The doctrine of ferae naturae is actually based upon a reality not appreciably altered by the passage of time; namely, the unpredictability and uncontrollability of wild animals. The doctrine of animals ferae naturae reasonably balances the interests of landowners and the interests of those who may be harmed by the actions of wild animals found on or emanating from the landowners’ property. Here, the bees were wild, and neither Jason nor Jessica had the ability or duty to control them.
Claims for negligence rest primarily upon a violation of some duty owed by the actor to an injured party. Absent a duty, there is no negligence. Duty, the Court said, “is an exceedingly artificial concept, therefore, when charged with determining whether a duty exists in a particular case, courts necessarily encounter the broader, more fundamental question of whether a plaintiff’s interests are entitled to legal protection against the defendant’s conduct.” The decision to impose liability ultimately rests on a judicial determination that the social importance of protecting the plaintiff’s interest outweighs the importance of immunizing the defendant from extended liability.
It is a sad fact of life that dogs bite and bees sting. There is no social utility in demanding that Jason and Jessica be liable for when it happens.
Denny complained that Jason had actually gotten estimates from tree removal companies, and in so doing, assumed a duty to Denny that he otherwise would not have had.
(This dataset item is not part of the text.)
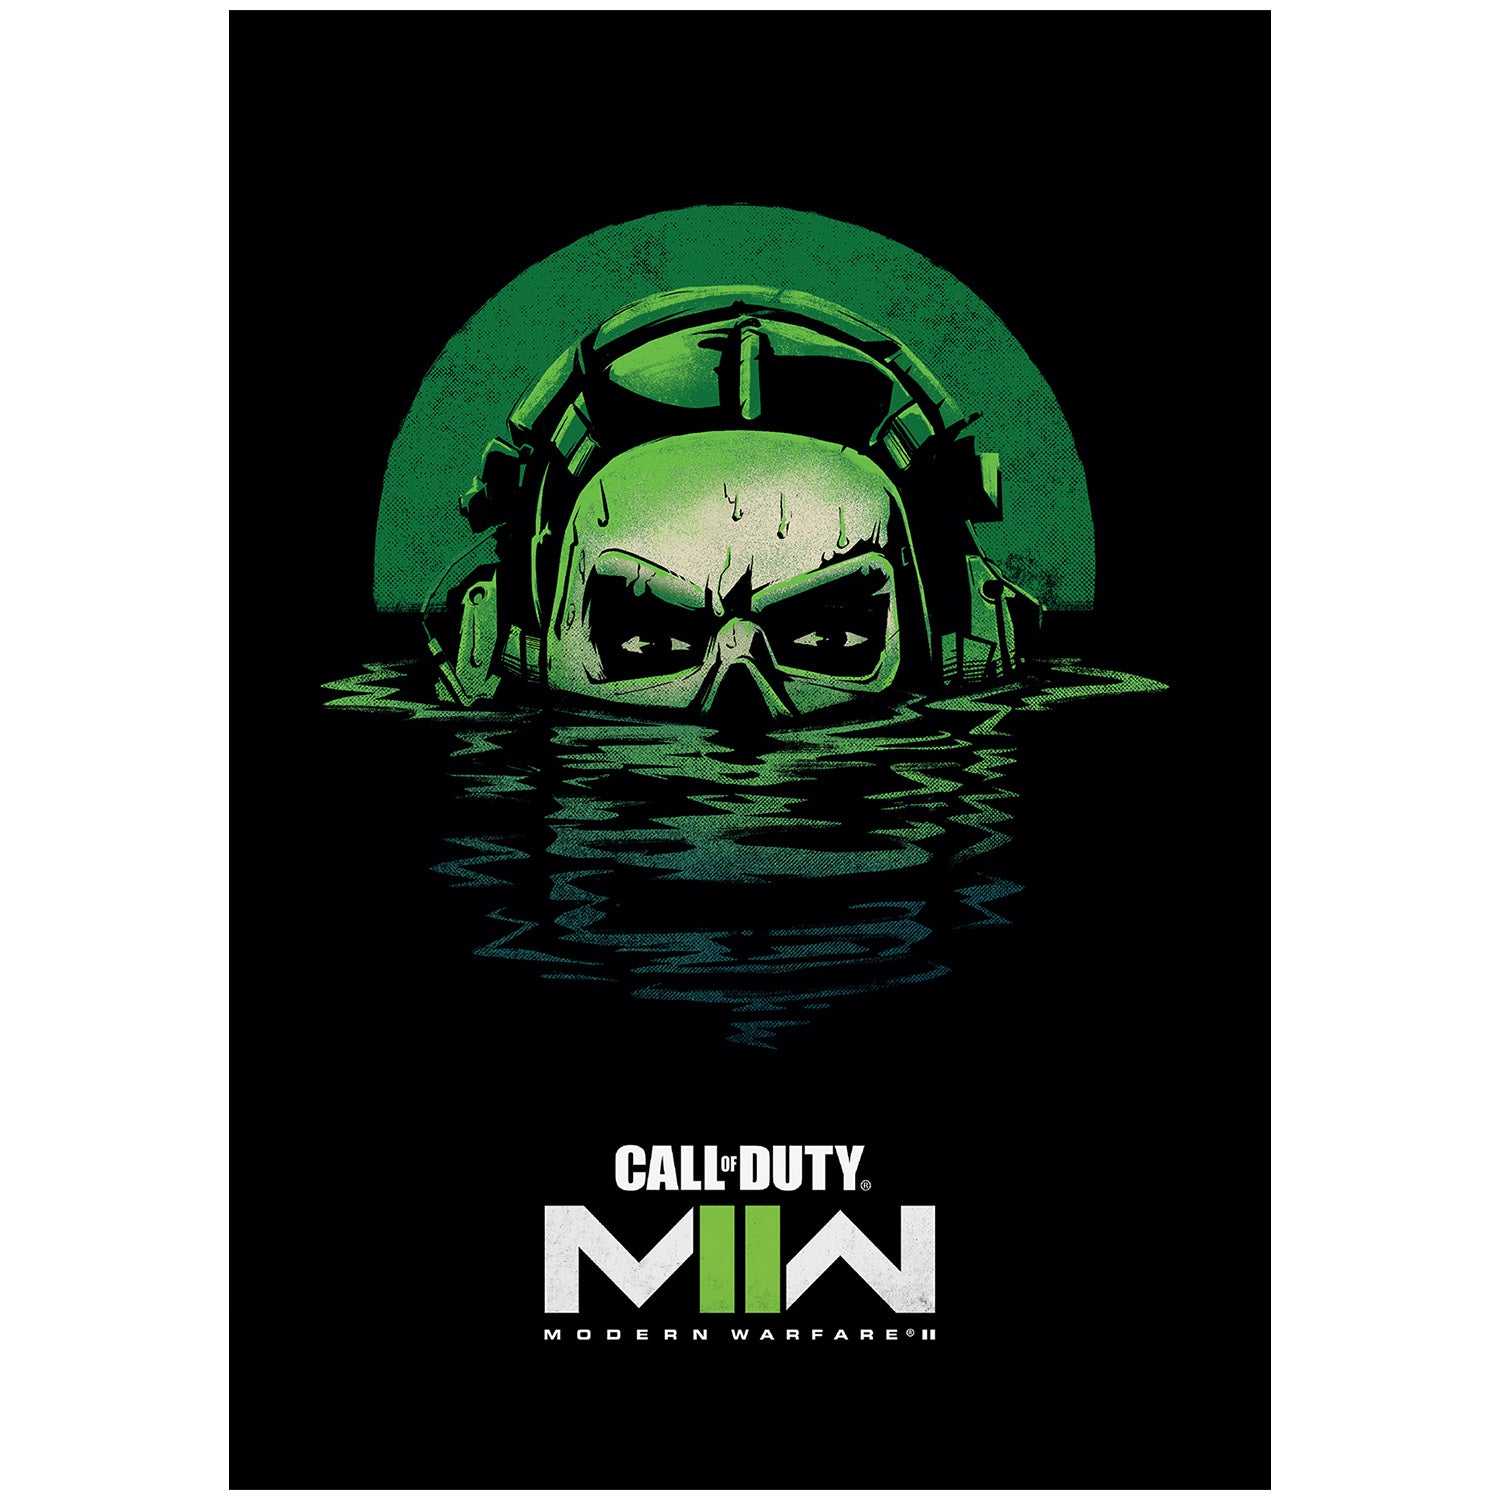 COD Ghosts – Blue Game Poster 22x34 RP13035 UPC882663030354 Call of Du –  Mason City Poster Company

The Court said that while Jason was the bee’s knees for doing so, that did not impose a duty on him to carry through with the job. “In determining how much action is sufficient to create a duty on the part of a person volunteering services, it is necessary to know if conduct has gone forward to such a stage that inaction would commonly result, not negatively merely in withholding a benefit, but positively or actively in working an injury.”